Ethics approval and consent to participate

Approval for this study, including a waiver of informed consent and a HIPAA waiver of authorization, was obtained from the Western Institutional Review Board (Protocol No. 20152817). Consented data that can be released is included in the paper. Institutional review board approval of the study protocol was obtained prior to study conduct and included a waiver of informed consent.

Sample sequencing

The Foundation Medicine dataset consisted of specimens sequenced as a part of routine clinical care using a targeted next-generation sequencing assay as previously described (FoundationOne CDx) [24, 25]. The pathologic diagnosis of each case was first made in the referring center and was then confirmed in our facility (Foundation Medicine, Cambridge MA).
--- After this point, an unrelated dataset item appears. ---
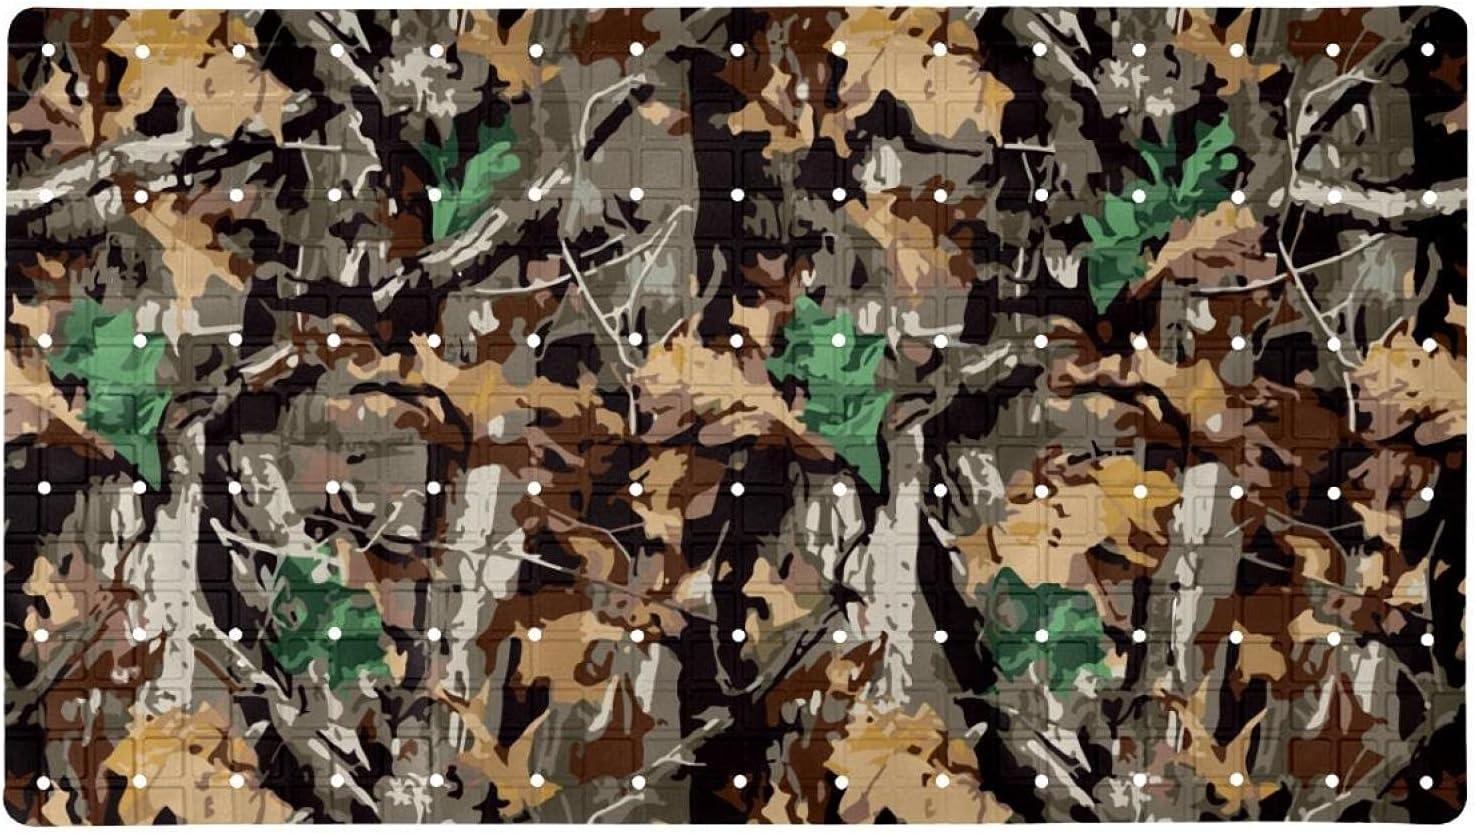 Bath Tub Shower Mat 15.7x27.9 Genuine Pattern Backgrou inches Camouflage Regular dealer

All samples contained a minimum of 20% tumor nuclei. The samples were assayed by adaptor ligation hybrid capture, performed for all coding exons of 309 cancer‐related genes plus select introns from 34 genes frequently rearranged in cancer. Sequencing of captured libraries was performed using the Illumina sequencing platform to a mean exon coverage depth for targeted regions of >500X, and sequences were analyzed for genomic alterations by an automated pipeline.

Telomeric reads

For each sample, we generated a list of possible read sequences where the read exclusively consisted of TTAGGG repeats, except that the nucleotides mutated in TERC’s template were reflected in the repeat sequence.